CapraTube remix - Transparent Tribe’s Android spyware targeting gamers, weapons enthusiasts
July 2024 by SentinelOne
Transparent Tribe (aka APT 36, Operation C-Major) has been active since at least 2016 with attacks against Indian government and military personnel. The group relies heavily on social engineering attacks to deliver a variety of Windows and Android spyware, including spear-phishing and watering hole attacks.
In September 2023, SentinelLabs outlined the CapraTube campaign, which used weaponised Android applications (APK) designed to mimic YouTube, often in a suspected dating context due to the nature of the videos served. The activity highlighted in this report shows the continuation of this technique with updates to the social engineering pretexts as well as efforts to maximise the spyware’s compatibility with older versions of the Android operating system while expanding the attack surface to include modern versions of Android.
The previous CapraTube campaign had one APK called Piya Sharma that was likely used in a romance-themed social engineering pretext. The new campaign continues that trend with the Sexy Videos app. While two of the previously reported apps launched only YouTube with no query, the YouTube apps from this campaign are each preloaded with a query related to the application’s theme. The TikTok app launches YouTube with the query “Tik Toks,” and the Weapons app launches the Forgotten Weapons YouTube channel, which reviews a variety of classic ar ms and has 2.7 Million subscribers.

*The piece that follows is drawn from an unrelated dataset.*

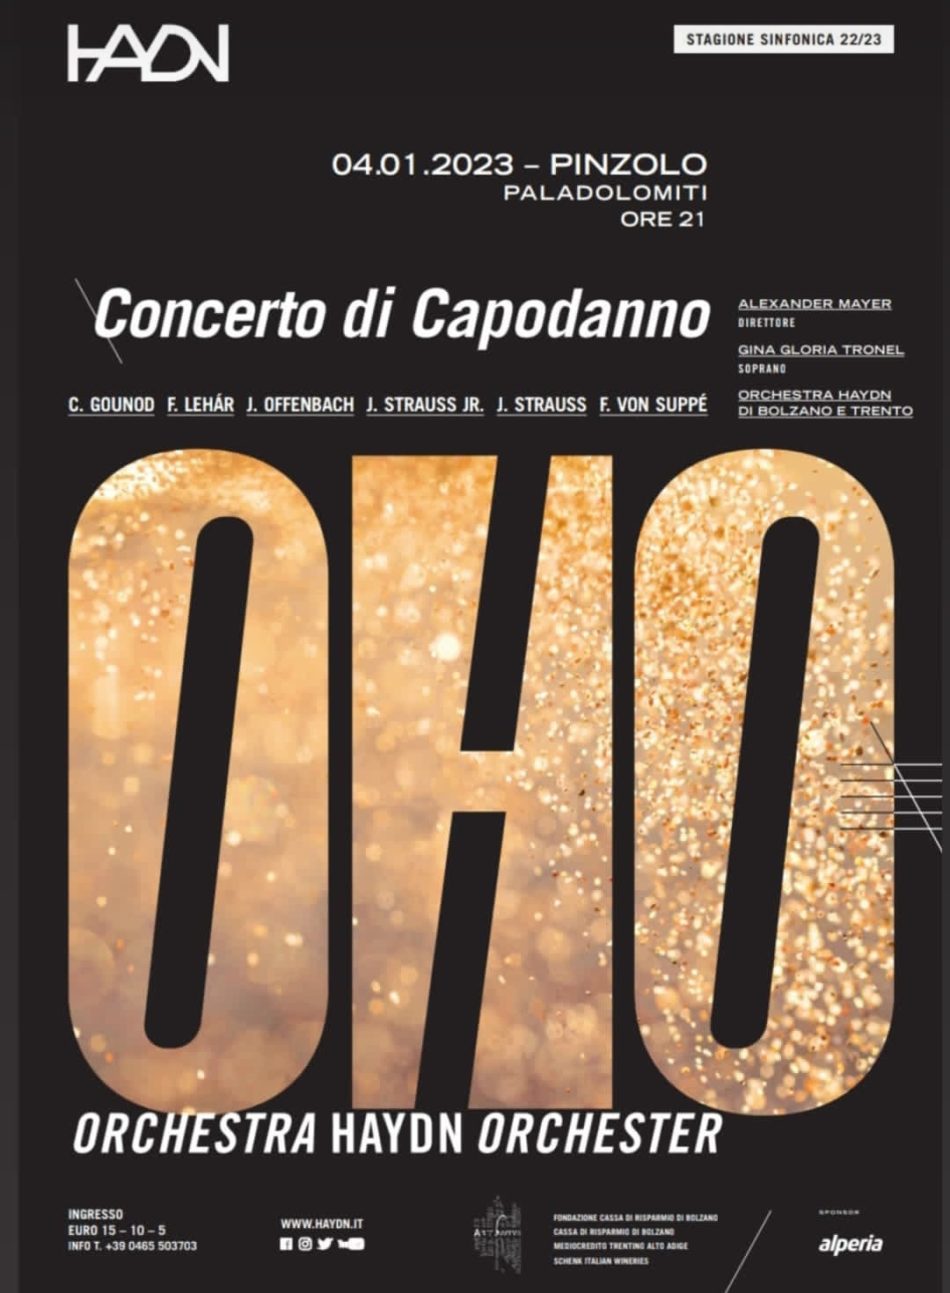 Pinzolo Paladolomiti 4 gennaio 2023: “Concerto di Capodanno” dell’Orchestra Haydn

The most significant changes between this campaign and the September 2023 campaign are to app compatibility. The newest CapraRAT APKs SentinelLabs identified now contain references to Android’s Oreo version (Android 8.0), which was released in 2017. Previous versions relied on the device running Lollipop (Android 5.1), which was released in 2015 and is less likely to be compatible with modern Android devices.
Key points
• SentinelLabs has identified four new CapraRAT APKs associated with suspected Pakistan state-aligned actor Transparent Tribe.
• These APKs continue the group’s trend of embedding spyware into curated video browsing applications, with a new expansion targeting mobile gamers, weapons enthusiasts, and TikTok fans.
• The overall functionality remains the same, with the underlying code updated to better suit modern Android devices.
Conclusion
The updates to the CapraRAT code between the September 2023 campaign and the current campaign are minimal but suggest the developers are focused on making the tool more reliable and stable. The decision to move to newer versions of the Android OS is logical and likely aligns with the group’s sustained targeting of individuals in the Indian government or military space who are unlikely to use devices running older versions of Android, such as Lollipop, which was released eight years ago.
The APK theme updates show the group continues to lean into its social engineering prowess to gain a wider audience of targets who would be interested in the new app lures, such as mobile gamers or weapons enthusiasts.
To help prevent compromise by CapraRAT and similar malware, users should always evaluate the permissions requested by an app to determine if they are necessary. For example, an app that only displays TikTok videos does not need the ability to send SMS messages, make calls, or record the screen. In incident response scenarios, treat the related network indicators of compromise as suspect, including the use of port 18582, and search suspect apps for the presence of strings using the unique method names outlined in the Spyware Activities & C2 section of this report.